The double standard in the US-Israel relations was revealed in 2015, when PM Netanyahu addressed the joint session of the US Congress. He presented Israel’s security concerns over the impending Iran nuclear deal. There was nothing partisan about his speech and he sought to clarify to the Obama administration that the known parameters of the nuclear deal will not deter Iran from becoming a nuclear threshold state. Netanyahu was condemned in the US media and by many Democrats in Congress as interfering in US affairs. Conversely, the Biden administration is warning Israel about Netanyahu’s coalition partners, which is indeed a direct interference in Israeli domestic affairs, and of a democratically elected government. While the nuclear deal with Iran directly and dangerously impacted on Israel, the US telling Israel’s PM that he should reconsider his coalition partners doesn’t have any bearing on US interests.
And this is not the first time a US administration laid a “heavy hand” on Israel, seeking to manipulate and exact concessions from the Jewish state, while treading gently with its Arab and Palestinian adversaries. President Obama’s Secretary of State John Kerry called for “reassessment” of the US-Israeli relations following the breakdown of the negotiations he conducted in 2014. Similarly, President Bush Sr., held up loan guarantees to Israel and demanded that the Itzhak Shamir’s Likud government stop construction in Judea and Samaria, and join a peace conference with the Palestinians. Israel needed the loan guarantees to absorb over a million Jews from the former Soviet Union. During that spat with Israel, Bush Sr. declared “I heard today there was something like 1000 lobbyists on the Hill working on the other side of the question. We have got one lonely guy down here doing it.”
Judea and Samaria, also known at the West Bank, was the historical heart of biblical Israel. Following the Six Day War of 1967, the UN Security Council Resolution 242 never prohibited Jewish settlement there. It was confirmed by the late Professor Eugene Rostow who served as dean of the Yale University Law School, and as President Lyndon Johnson’s Undersecretary of State for Political Affairs, and dealt with the drafting of UNSC Resolution 242, wrote in a NYT opinion piece in 1991, that “Israel has an unassailable legal right to establish settlements in the West Bank. The West Bank is part of the British Mandate in Palestine which included Israel, Jordan, as well as certain other territories not yet generally recognized as belonging to either country. While Jewish settlement east of the Jordan River was suspended in 1922, such settlement remains legal in the West Bank.”

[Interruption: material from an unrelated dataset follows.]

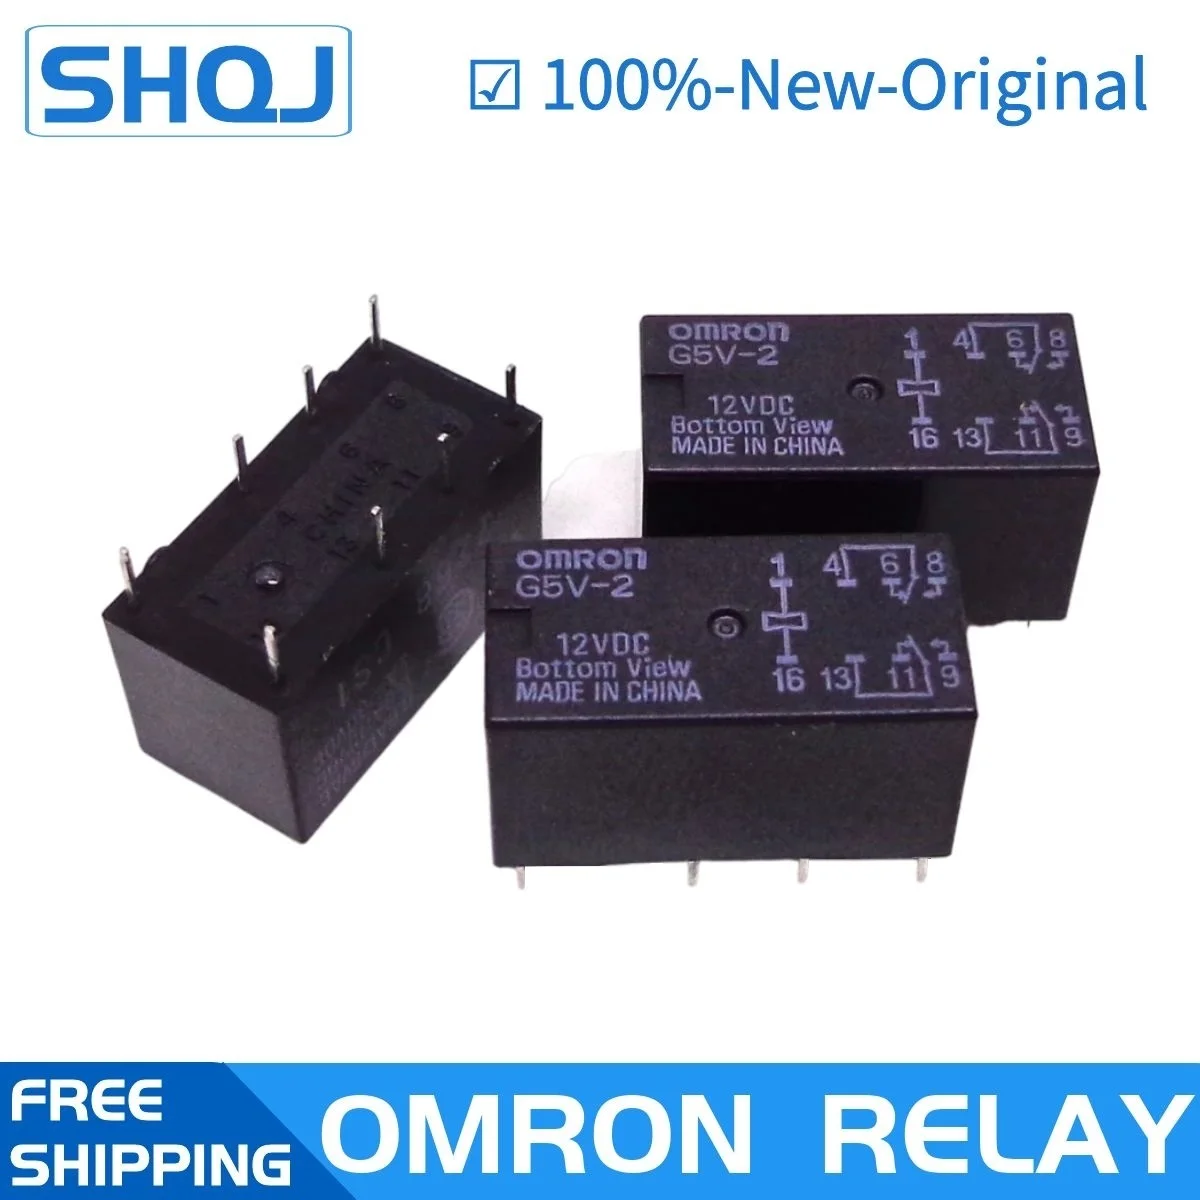 OMRON RELAY 10pcs G5V 2 5VDC 12VDC 24VDC G5V 1 G5V 2 G5V 2 H1 5V 12V 24V  Brand new and original relay|Relays| - AliExpress

Perhaps the most famous “reassessment,” was done by President Ford and his Secretary of State Henry Kissinger in 1975. Kissinger fell in love with Egypt’s President Anwar Sadat, and pressured Israel to make territorial concessions to Egypt, which at the time appeared detrimental to Israeli security. Kissinger ordered a halt to Israel’s request for arms until they complied with his plans. Israel had to make unilateral concessions to satisfy Kissinger.
Making premature judgement on Netanyahu’s coalition government before it has begun to function is patently unfair. Secretary of State Antony Blinken was right when he said that the “Biden administration will judge the next coalition based on its policies rather than the personalities of those who make up what is being described as the most right-wing cabinet in Israeli history.” Blinken is correct but his administration should respect the choice of the Israeli people without labels, and negative characterizations.